Using the data below, determine the number of lines that include the string "practice". Write only that number.

====

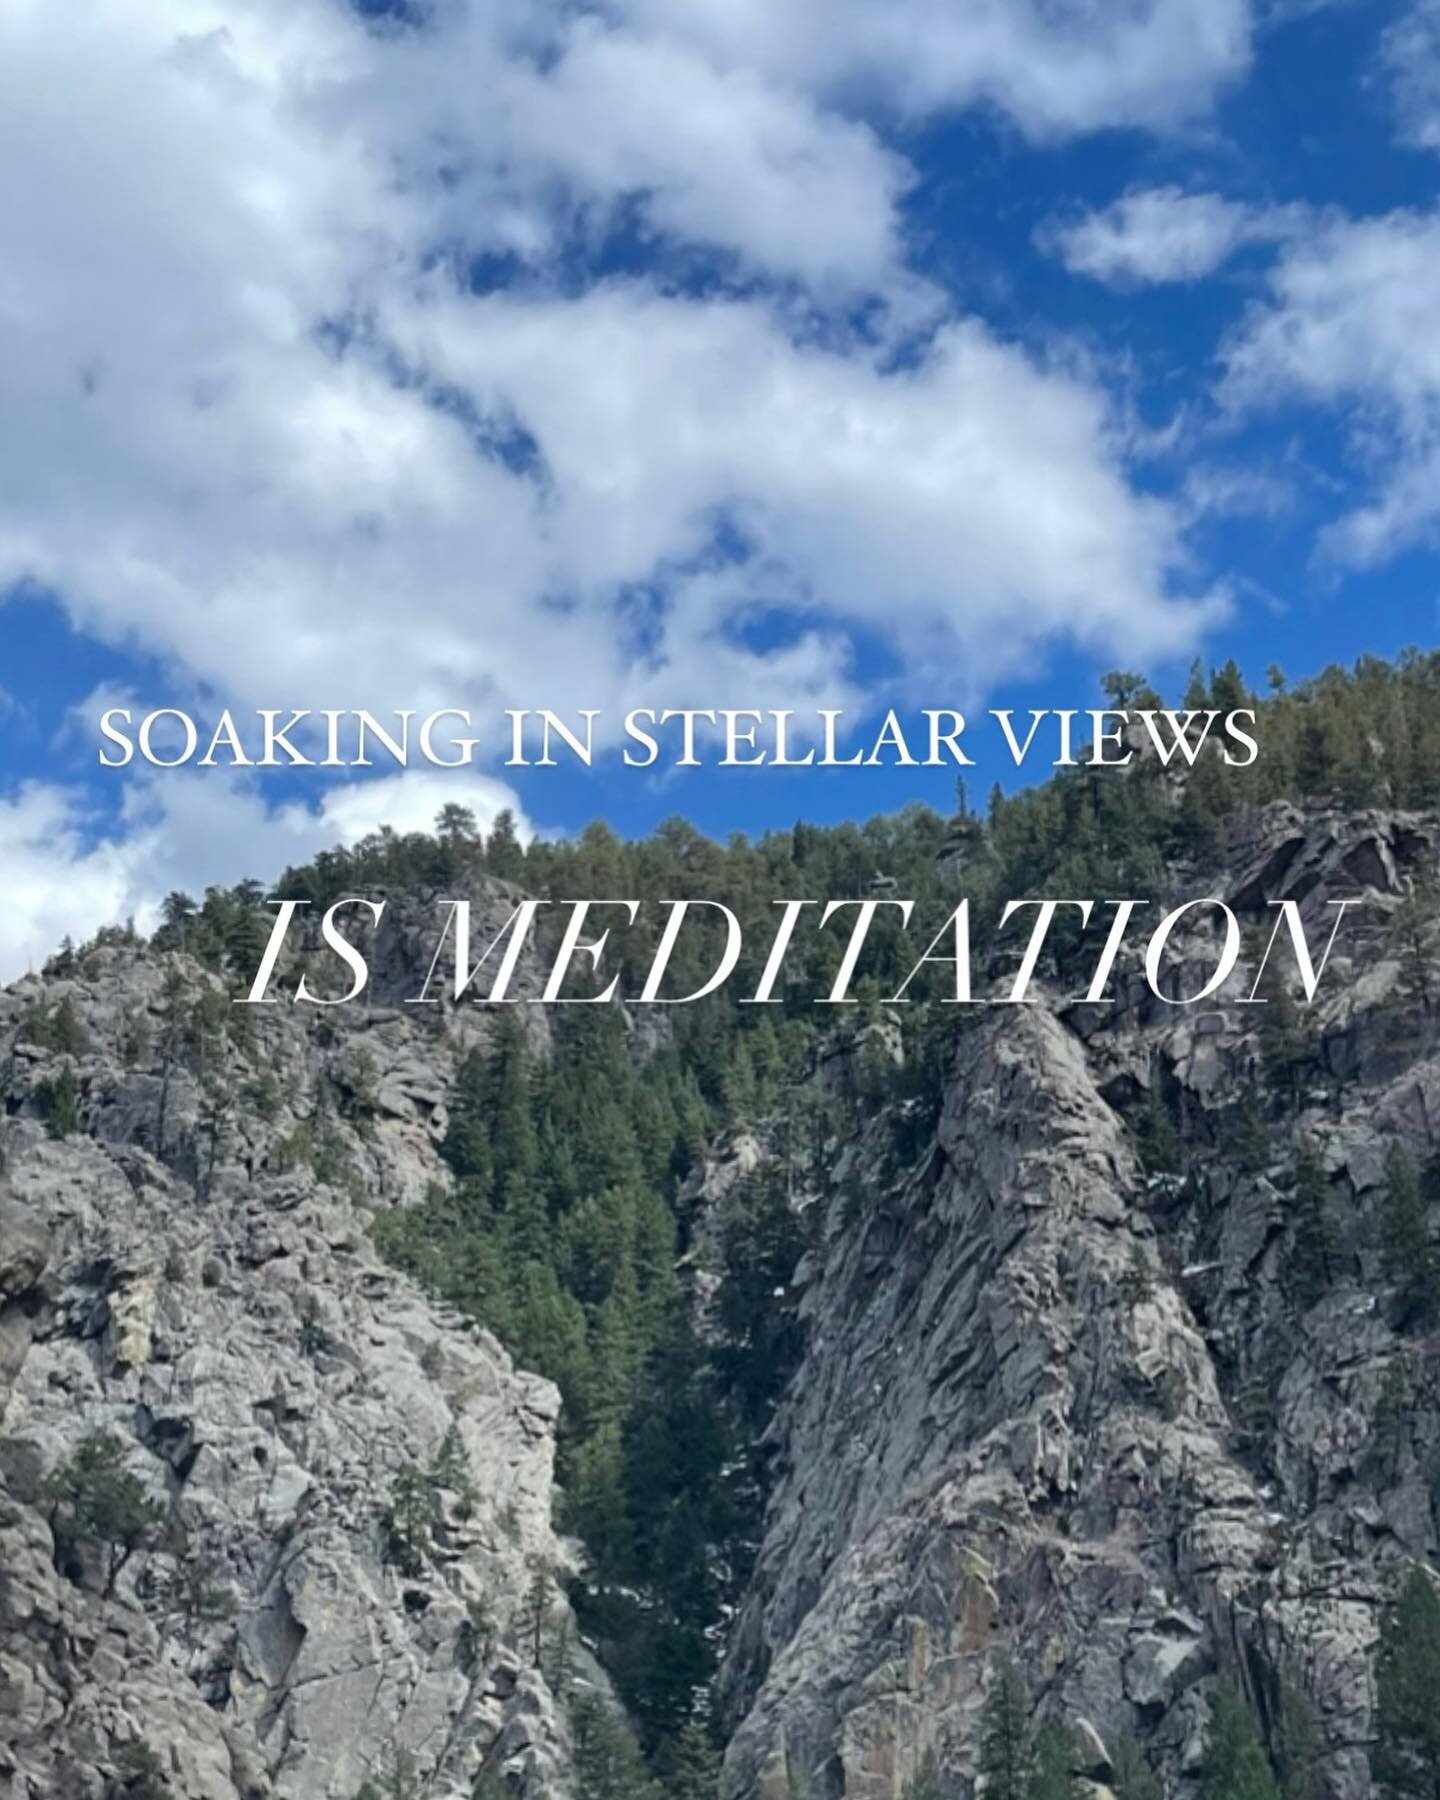 ⛰️meditation is a lot of things and, it's 𝘯𝘰𝘵 ... ⁣
⁣
meditation is that place, the &quot;result&quot; of whatever practice or action or awareness of _____ .⁣
⁣
one such practice can be soaking in things like viewing or feeling spectacular scenery

====

**Written response**
2